Important note on autoscaling and Node Groups in AWS availability zones:
AWS will re-balance your node groups if they span multiple AZ’s by default. This can also be disruptive to running pods. My setup ended up specifying a node group per AZ so this re-balancing doesn’t occur. This still meets availability/resiliency requirements in this scenario. This setting can be changed on your launch template, however having node groups assigned to a specific AZ was easier to manage in the long run.
resource "kubernetes_namespace" "gitlab_runner" {
metadata {
name = "gitlab-runner"
}
}
resource "helm_release" "gitlab-runner" {
name = "gitlab-runner"
repository = "https://charts.gitlab.io"
chart = "gitlab-runner"
version = var.chart_version
namespace = kubernetes_namespace.gitlab_runner.metadata[0].name
wait = true
lint = true
values = [
yamlencode(
{
image_pull_policy = "IfNotPresent"
probeTimeoutSeconds = 5
replicas = 2
gitlabUrl = "https://gitlab.com"
runnerRegistrationToken = data.gitlab_group.gitlab.runners_token
unregisterRunners = true
terminationGracePeriodSeconds = 3600
concurrent = 50
checkInterval = 30
logLevel = "info"
rbac = {
create = true
clusterWideAccess = true
}
runners = {
runUntagged = false
name = "gitlab runners"
tags = "sandbox"
config = <<-EOF
[[runners]]
[runners.kubernetes]
privileged = true
poll_timeout = 180
service_account = "gitlab-runner"
[[runners.kubernetes.volumes.empty_dir]]
name = "docker-certs"
mount_path = "/certs/client"
medium = "Memory"
[runners.kubernetes.pod_annotations]
"cluster-autoscaler.kubernetes.io/safe-to-evict" = "false"
[runners.cache]
Type = "s3"
Shared = true
Path = "gitlab_cache/"
[runners.cache.s3]
ServerAddress = "s3.amazonaws.com"
BucketName = "mygitlab-cache"
BucketLocation = "us-east-2"
Insecure = false
EOF
}
podAnnotations = {
"cluster-autoscaler.kubernetes.io/safe-to-evict" = false
}
}
)
]
}
Data sources
We will declare some data sources to connect our providers and grab our GitLab Group ID. In our case, we are using the public Terraform EKS module.
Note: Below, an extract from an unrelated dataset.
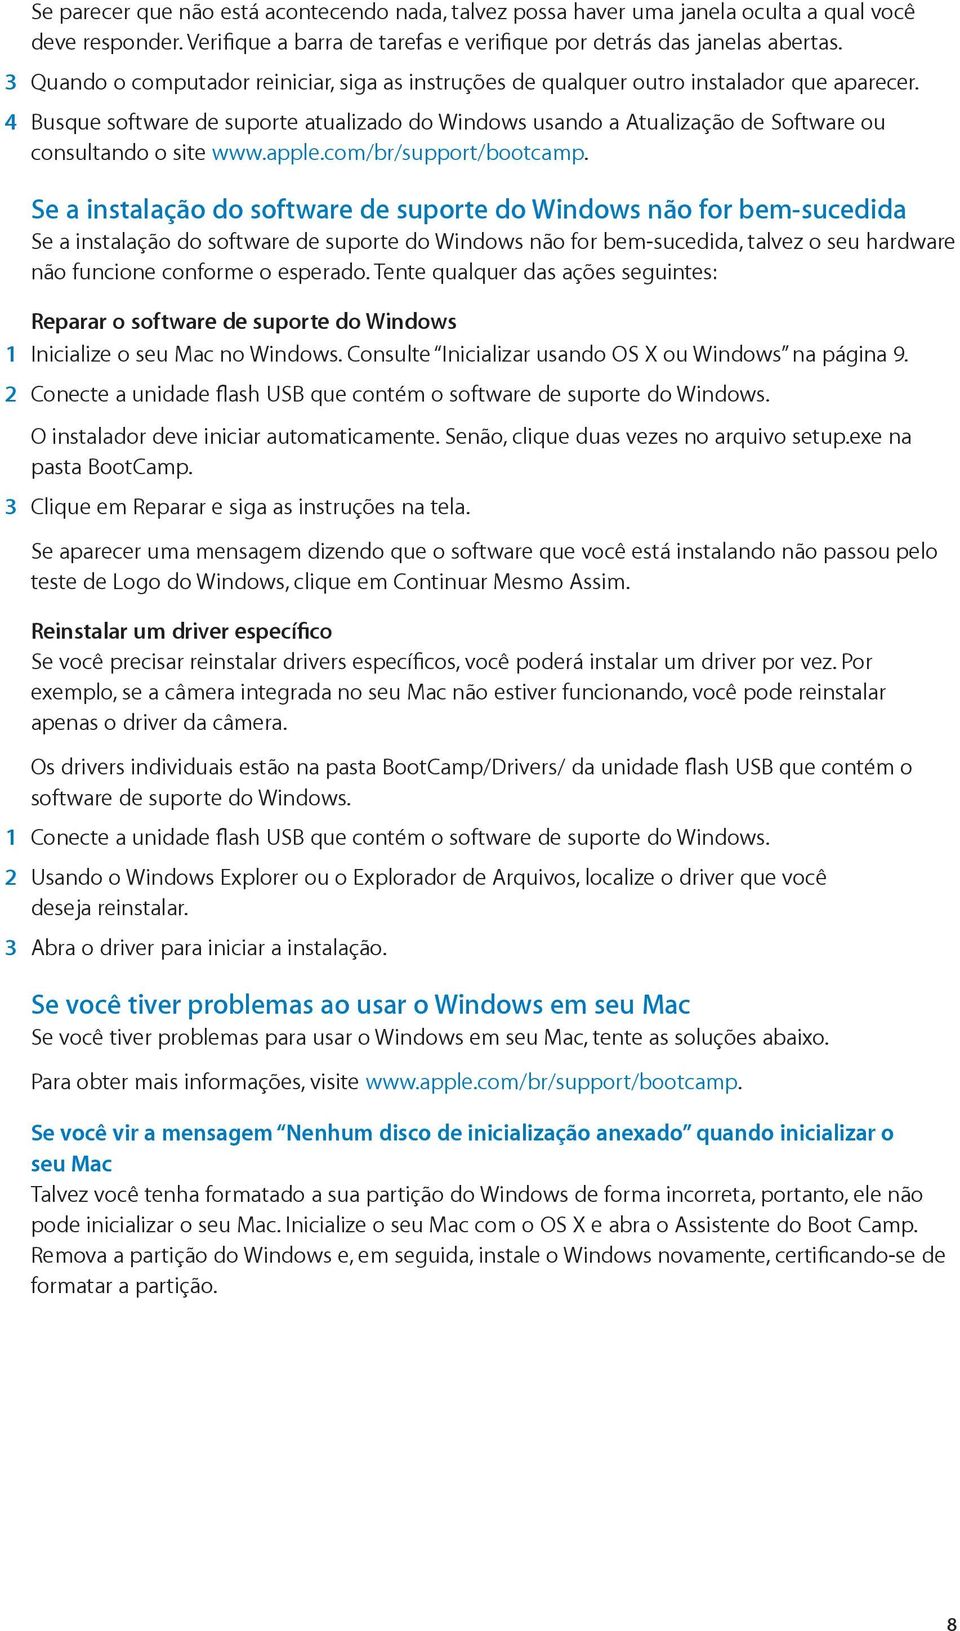 4 Busque software de suporte atualizado do Windows usando a Atualização de Software ou consultando o site www.apple.com/br/support/bootcamp.

You can read the documentation on deploying and using the proper providers. In my example, I have named my module ‘eks’, although that code is not shown in this post.
data "gitlab_group" "gitlab {
group_id = var.gitlab_group_id
}
data "aws_eks_cluster" "cluster" {
name = module.eks.cluster_id
}
data "aws_eks_cluster_auth" "cluster" {
name = module.eks.cluster_id
}
data "tls_certificate" "eks" {
url = data.aws_eks_cluster.cluster.identity[0].oidc[0].issuer
}Final Thoughts
I find it easier to setup purpose-built EKS clusters per business unit/team. AWS charges you for the control plane and compute, however you can scale down your node groups to zero with a lambda function during non-use hours to really save some money. By doing that, you’re only paying for the control plane cost and compute for when you are actually going to be running GitLab jobs.
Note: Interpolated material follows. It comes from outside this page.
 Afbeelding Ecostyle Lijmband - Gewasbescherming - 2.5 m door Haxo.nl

This post did not go in depth in setting resources. Perhaps another post at a later time will cover that topic as it will impact your node instance type and group sizes.
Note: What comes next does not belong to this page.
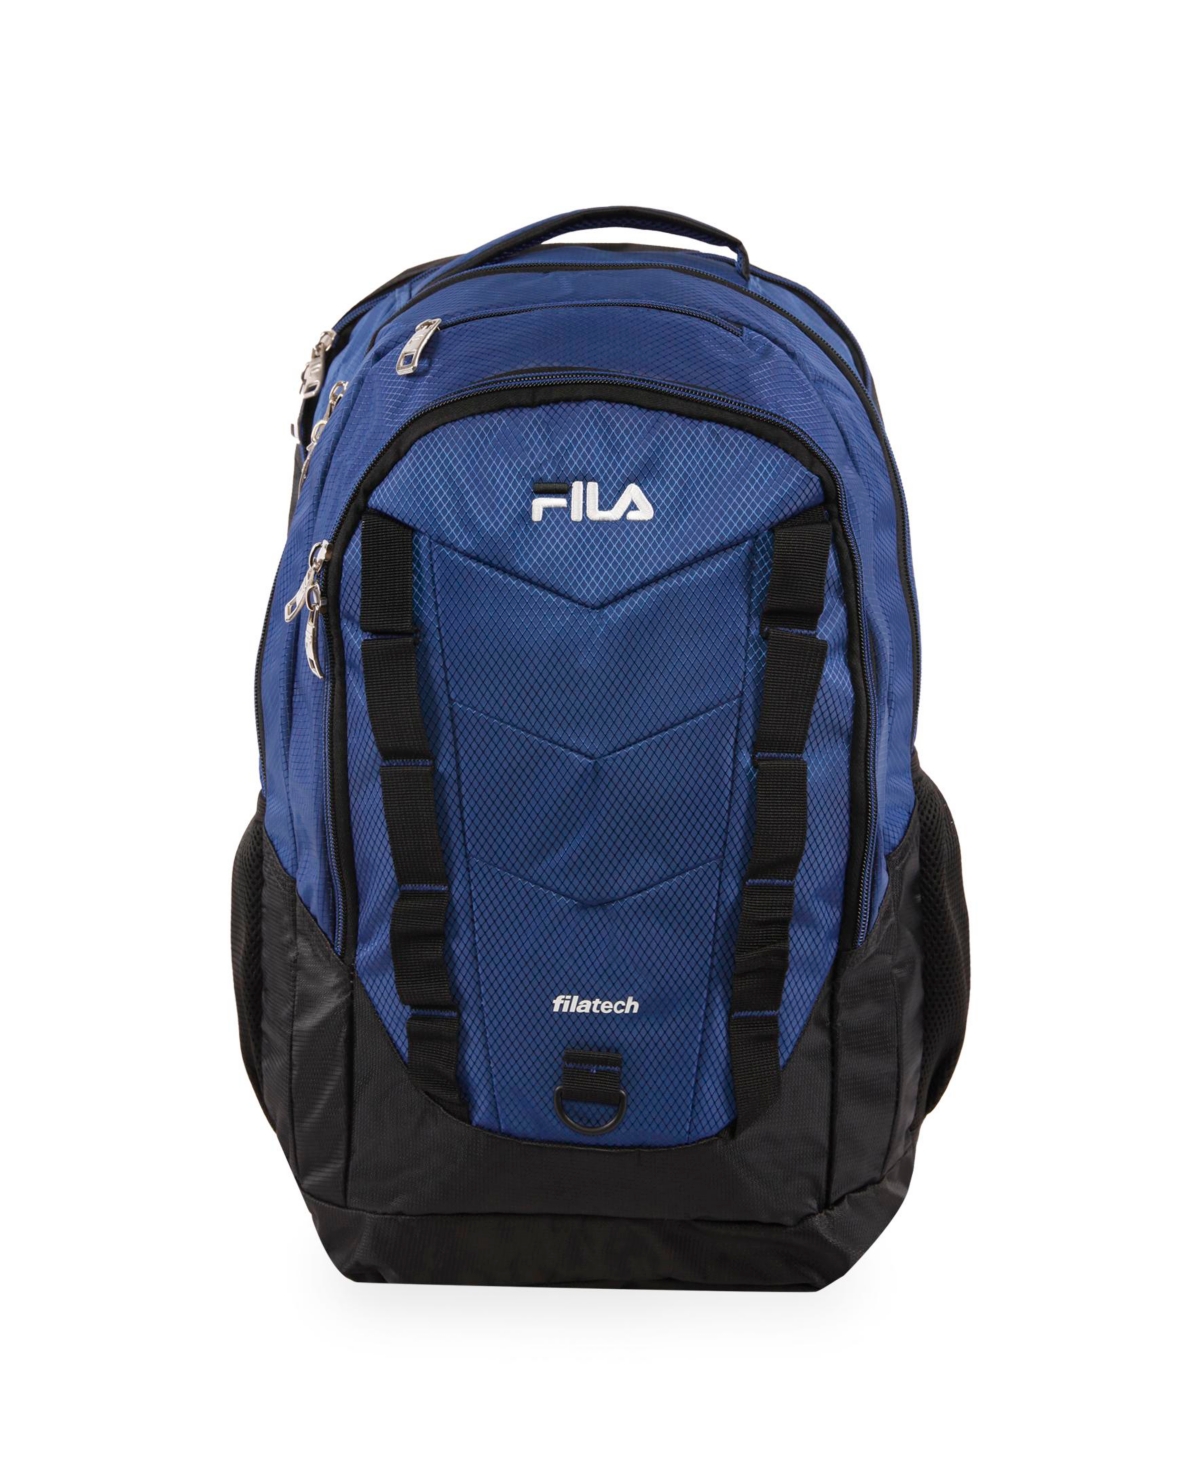 Fila Deacon 6 Xxl Backpack In Blue

You can have your GitLab Pipeline manage itself with this code as long as you don’t destroy the deployment or EKS cluster! (Don’t ask me how I know that…) The helm chart is setup in a way that ensures the new pods are ready before removing the old ones, and it won’t kill any job pods until they are finished running any current jobs.